Na história, traduzida em 20 línguas, a pequena Ruby perde sua coleção de pedras preciosas e embarca numa aventura para encontrá-las. No caminho, tem a ajuda de um leopardo, androides, uma raposa e um pinguim.
Brinquedos e brincadeiras
Robot Turtles é um jogo de tabuleiro tradicional em que a criança atua como um programador – o adulto é o computador. As tartarugas devem coletar pedras preciosas seguindo uma sequência de instruções. Sem perceber, elas vão aprendendo sobre sequências, loops, condições e algoritmos, conceitos básicos da programação. Indicado a partir dos 3 anos.
Já o Baby Codipeia, um brinquedo indicado a partir dos 3 anos, consiste em uma centopeia interativa em que cada segmento tem um comando de movimento – a criança pode criar sequências e determinar metas.
No Ozobot, um robô do tamanho de um bombom segue as linhas desenhadas pela criança em um papel e interpreta cada cor. Assim, são dados, por exemplo, comandos de velocidade e direção. Também é possível criar jogos e estipular objetivos. O brinquedo, que já recebeu vários prêmios, é indicado para maiores de 6 anos.
Cursos
Em diversos países estão sendo inauguradas escolas que prometem ensinar crianças em idade escolar a codificar.
No Brasil, SuperGeeks, MadCode, CtrlPlay, Code4All e Happy Code são algumas das franquias que apostam no nicho. Muitas usam jogos já populares como Minecraft e Roblox para chamar a atenção de meninos e meninas.
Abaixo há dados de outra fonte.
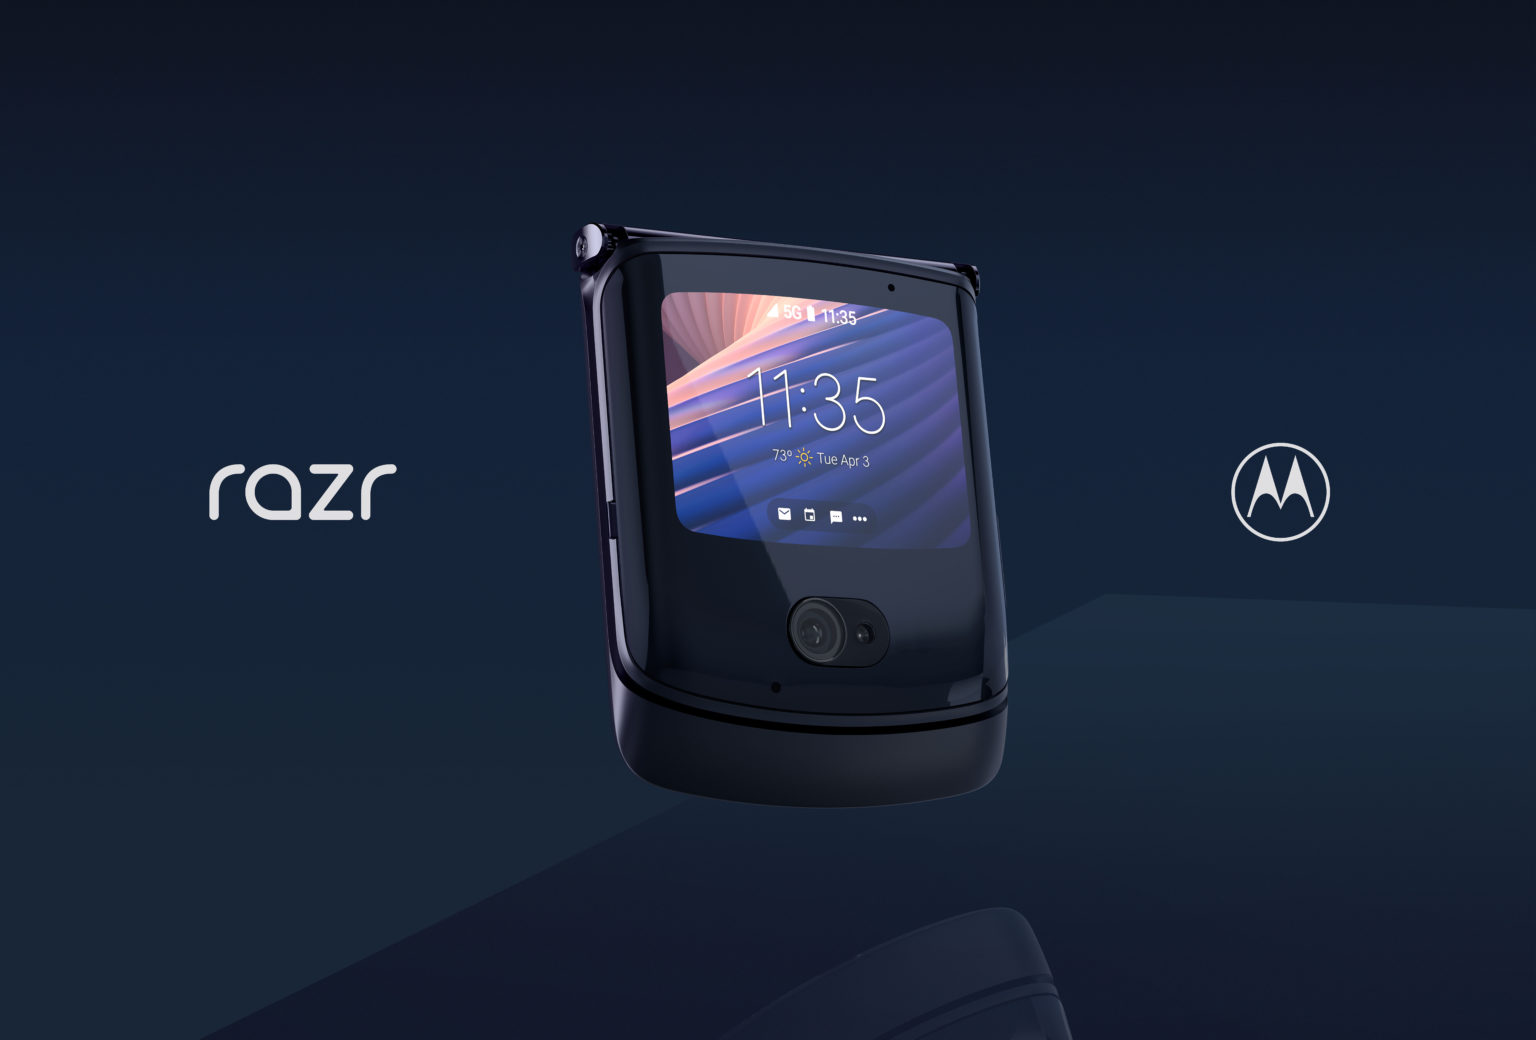 Amazon abre caixas do Motorola Razr 5G para dobrar tela do celular

“Nossa proposta é mais do que programação, é ser uma escola das habilidades da nova economia do século 21, isto é, incentivar raciocínio lógico, trabalho em equipe, resolução de problemas, empreendedorismo e criatividade”, comenta Alexandre Jacobs, sócio da Happy Code, no Rio de Janeiro, que oferece cursos para crianças acima dos 6 anos.
A franquia conta com 77 unidades no país e um total de 3,5 mil alunos. A meta é chegar a 150 filiais no ano que vem.
Sites
Quem não quiser pagar um curso, pode buscar sites que oferecem plataformas gratuitas, como Hour of Code, Code.org, Pivot Animator e Scratch, do MIT, que permite ao usuário criar animações e jogos usando uma linguagem com blocos similares a Legos.
O Scratch já foi traduzido em 50 línguas, contabiliza 200 milhões de visitantes únicos por ano e deu origem ao ScratchJr para iPad.
Há também alguns sites direcionados às meninas, como Girls who Code, Black Girls Code e Made with Code, do Google.
Quase todos usam cores, personagens, elementos de jogos com interfaces simples de usar.(BBC)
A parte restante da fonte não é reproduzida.